Line 24 ‘qualitative distinctions’ meaning what precisely?

Response:

We meant to say that it is not yet clear whether there are differences in the underlying mechanisms between the different kinds of correspondences. To make this clear, we have revised the description (L24).

Comment #4:

What should we say about role of perceptual similarity in driving crossmodal correspondences, which you mention at one point (see line 95) but never return to.

Response:

We used this phrase to emphasize that the same labels are used across different modalities in different languages. Thus, we did not mean to imply that there is a specific perceptual similarity between auditory and visual modalities and that might influence crossmodal correspondences. Since the expression was misleading, we deleted the phrase in the revised manuscript (L96).

Comment #5:

How do you know you are comparing apples with oranges? In other words, how do you know pitch difference is equivalent to size difference or height difference etc. ? If correspondences, especially those involving pitch are relative Spence, C. (2019). On the relative nature of (pitch-based) crossmodal correspondences. Multisensory Research, 32(3), 235-265. DOI:10.1163/22134808-20191407.

Response:

Thank you for sharing the critical study.
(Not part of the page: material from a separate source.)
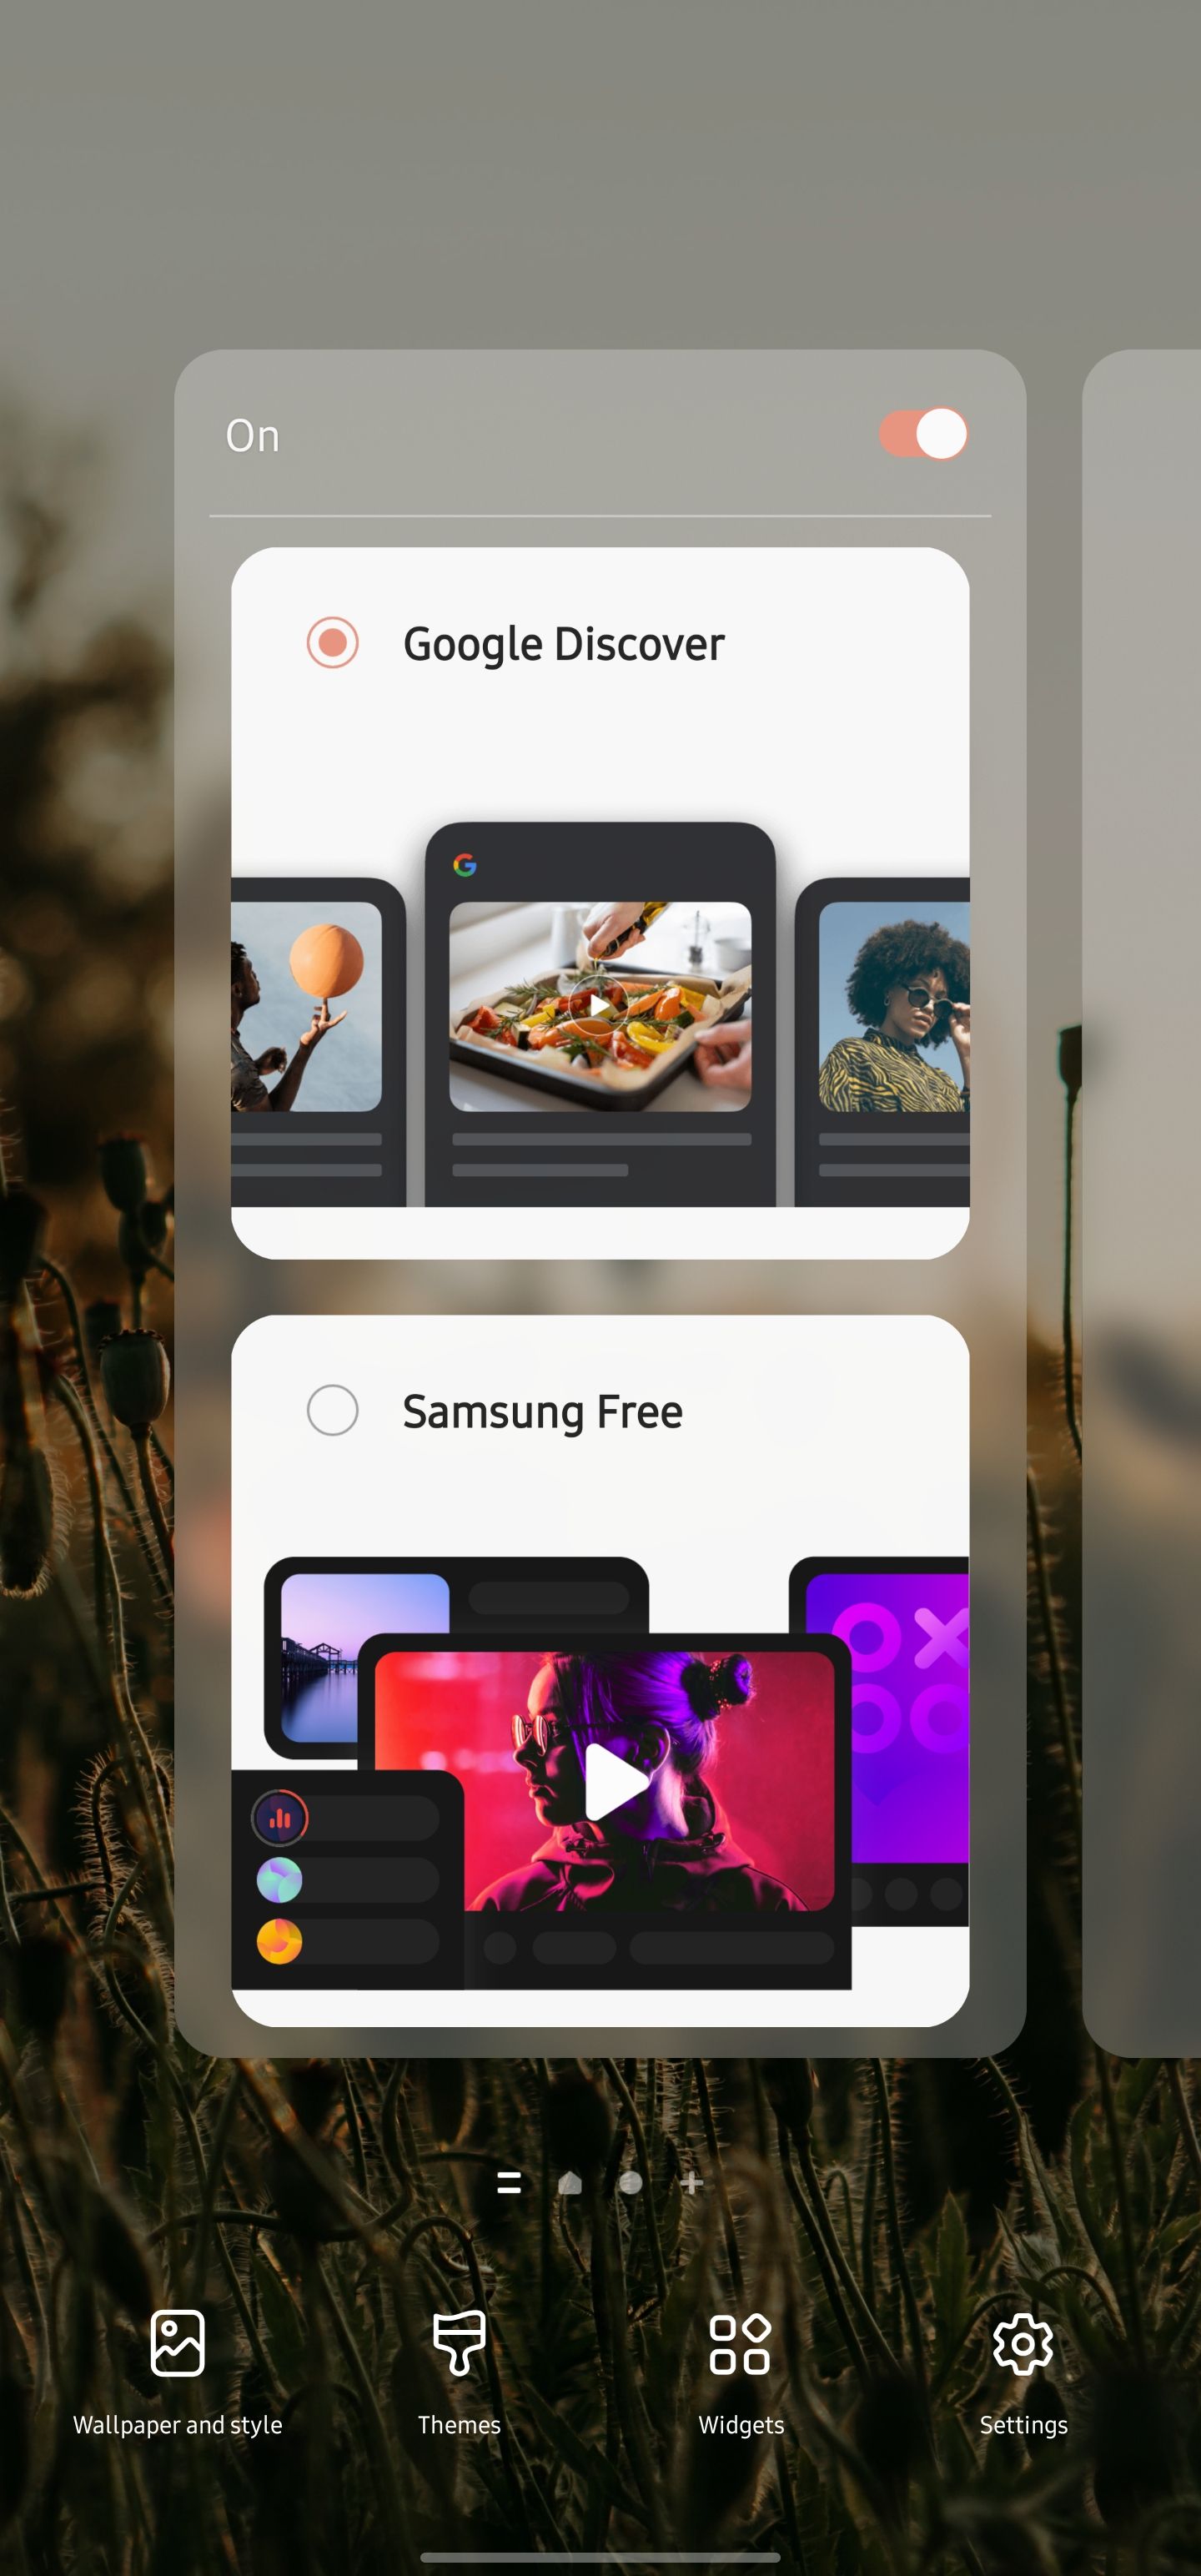 Samsung Google Discover/Samsung Free homescreen panel setting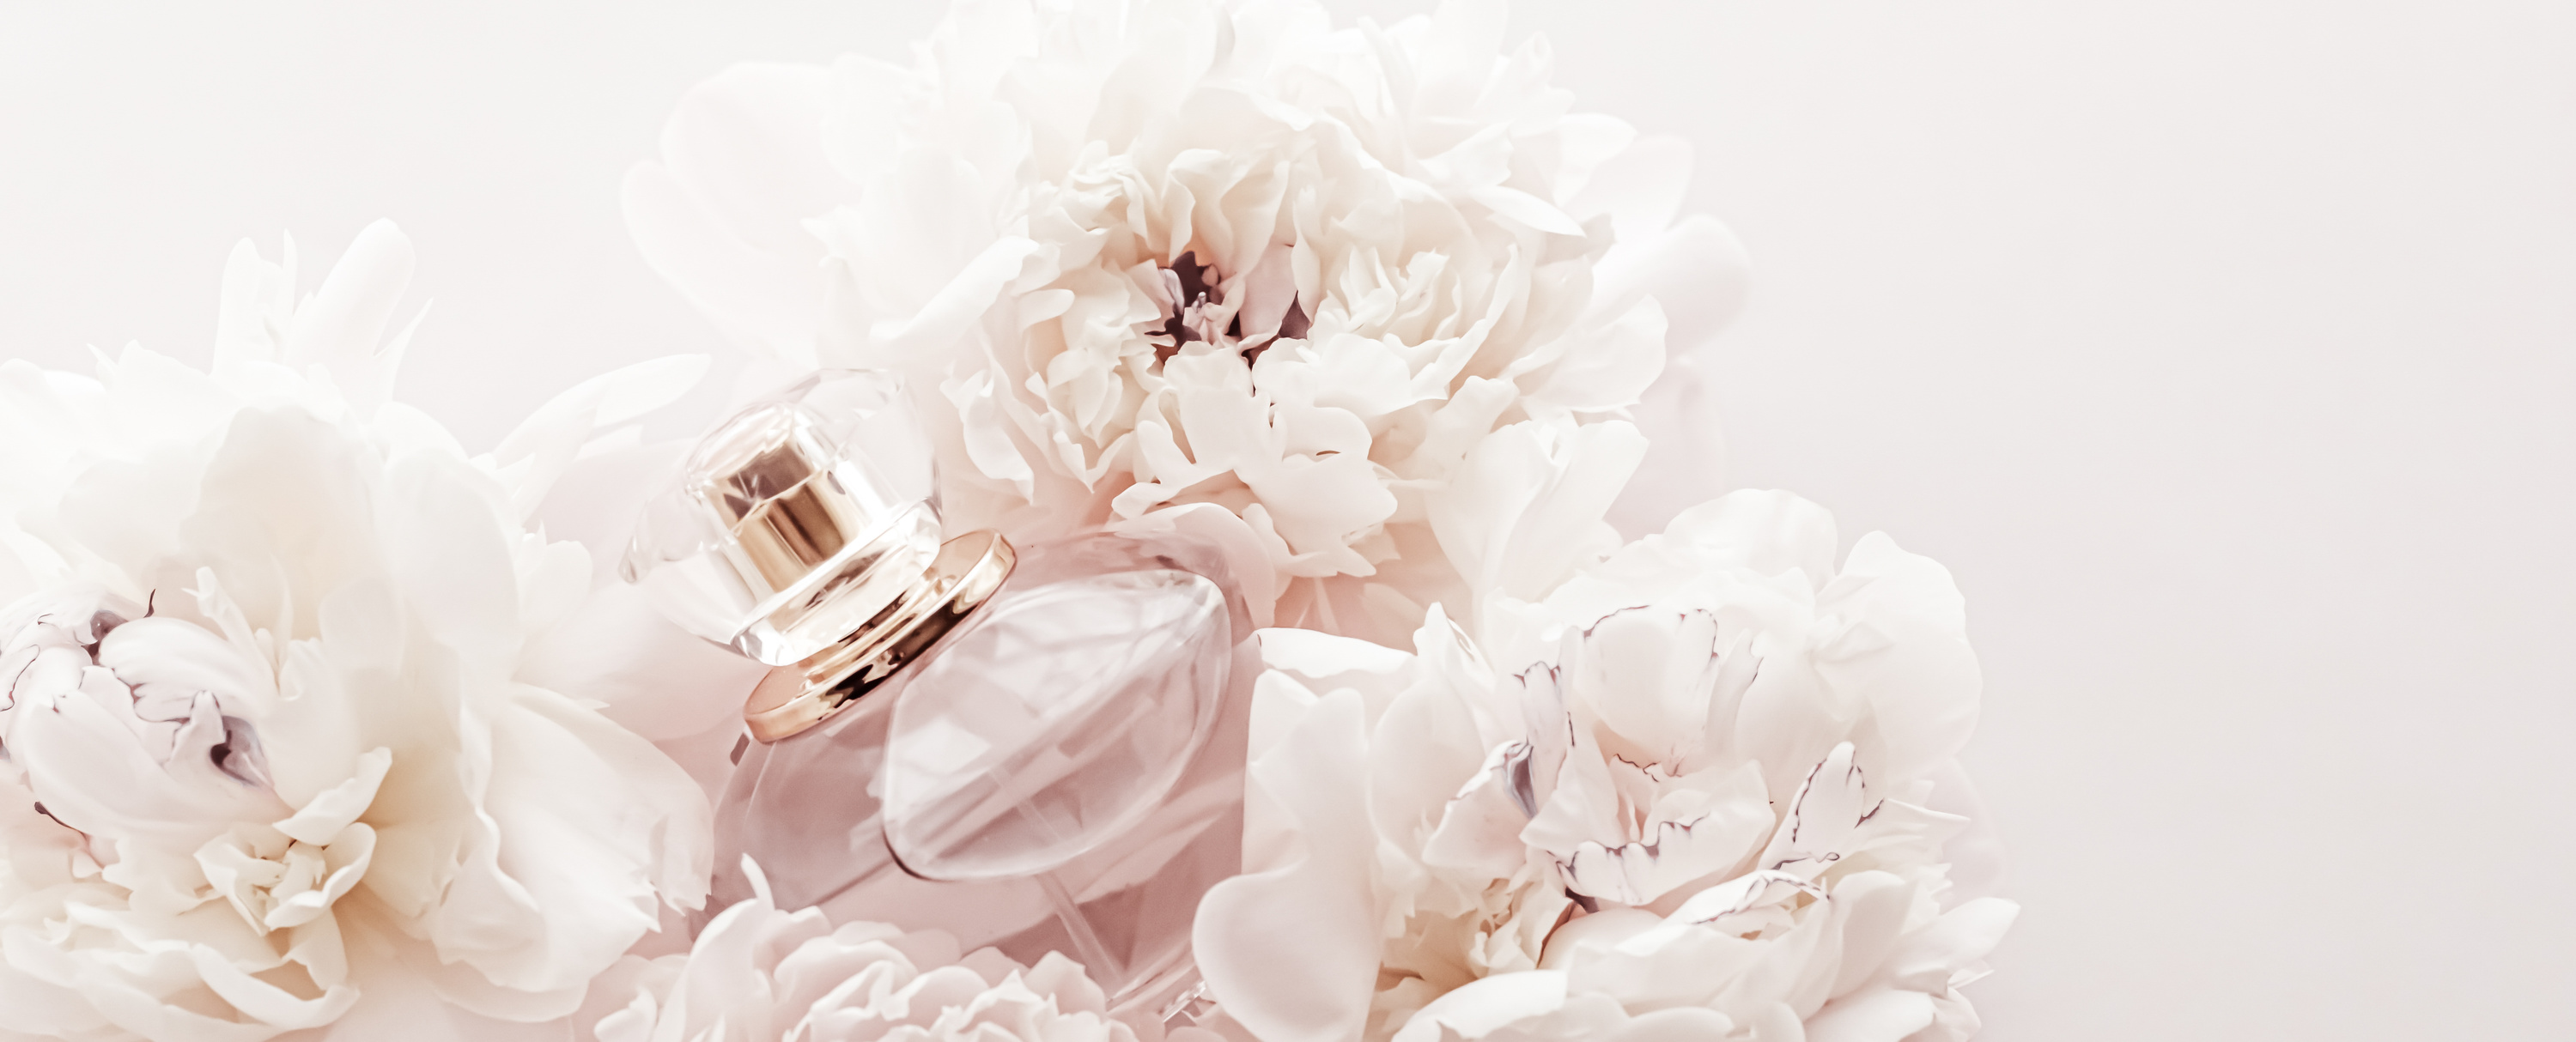 Fragrance Bottle as Luxury Perfume Product on Background of Peon

As the study suggests, we assumed that crossmodal correspondences were based on the relative differences between the auditory and visual features. Thus, we created the stimuli with a focus on the relative differences, without precisely considering the absolute value or the magnitude of the difference for each feature. We cited Spence (2019) and added an explanation in the Apparatus and stimuli section (L191∼194).

Comment #6:

Spence 2011 briefly introduces affectively-mediated correspondences, and returns to this as 4th mechanism of eg audiovisual correspondences later: Spence, C., & Sathian, K. (2020). Audiovisual crossmodal correspondences: Behavioural consequences & neural underpinnings. In K. Sathian & V. S. Ramachandran (Eds.), Multisensory perception: From laboratory to clinic (pp. 239-258). San Diego, CA: Elsevier.

Response: 

Thank you for mentioning the relevant paper. We have cited Spence and Sathian (2020) and added the explanation of the 4th mechanism (L108∼109).

Comment #7:

41. Stein & Meredith doesn’t seem a good reference for speech perception, since they never studied speech, and virtually never studied perception

Response:

Thank you for pointing this out. Instead of Stein and Meredith (1993), we have cited Calvert, Spence, and Stein (2004) as a more appropriate reference (L41).

Comment #8:

116. My recollection is that Velasco and others may have started to investigate relative strength, or intuitiveness, of different correspondences

Response: 

We found that Barbosa Escobar, Velasco et al. (2023) investigated different correspondences between visual textures and temperatures using the explicit task and the implicit association test and showed different results for some correspondences. As this finding is essential for understanding how different types of crossmodal correspondences influence performance in different tasks, we have cited this paper in the relevant text in the Discussion (L520∼528).

Comment #9:

280 ungrammatical

Response:

Thank you for pointing this out. We have corrected the sentence (L304∼307).

Comment #10:

340-341 – more details needed

Response:

We considered that the difference in the modality of the stimuli presented during the previewing phase might have influenced the difference in results between the experiments. As the details are discussed in the General Discussion section, we have revised the description (L369∼370).

Comment #11:

362-363 – seems too general a claim, surely you can only make claim about small subset of correspondences you actually studied?

Response:

As you pointed out, we admit that our claim in the submitted manuscript was somewhat generalized. We have revised the sentence (L390∼392).

Comment #12:

426-428 – how much weight should be put on this one study that seems to go against a large body of research showing pitch-size larger lower mapping?

Response: 

Krugliak and Noppeney discussed their experimental results as being due to participants’ interpretation of their stimuli, so we did not think that their results contradicted the previous research showing pitch-size larger lower mapping. Since the opposite pattern of the pitch-size correspondence, observed in Experiment 1 of the present study, can also be interpreted as being caused by participants’ interpretation of the stimuli, we presented their study as an example of how the way stimuli are presented can influence crossmodal correspondences. To make this clear, we modified the descriptions in the General Discussion (L470∼474).

Comment #13:

References need lots of work, inconsistent capitalization of journal titles throughout

Missing page range eg 487

Missing vol. no e.g 475

Incorrect capitalization e.g. 525

Response:

Thank you for your attention to detail. We have checked the format of the Reference and corrected the mistakes.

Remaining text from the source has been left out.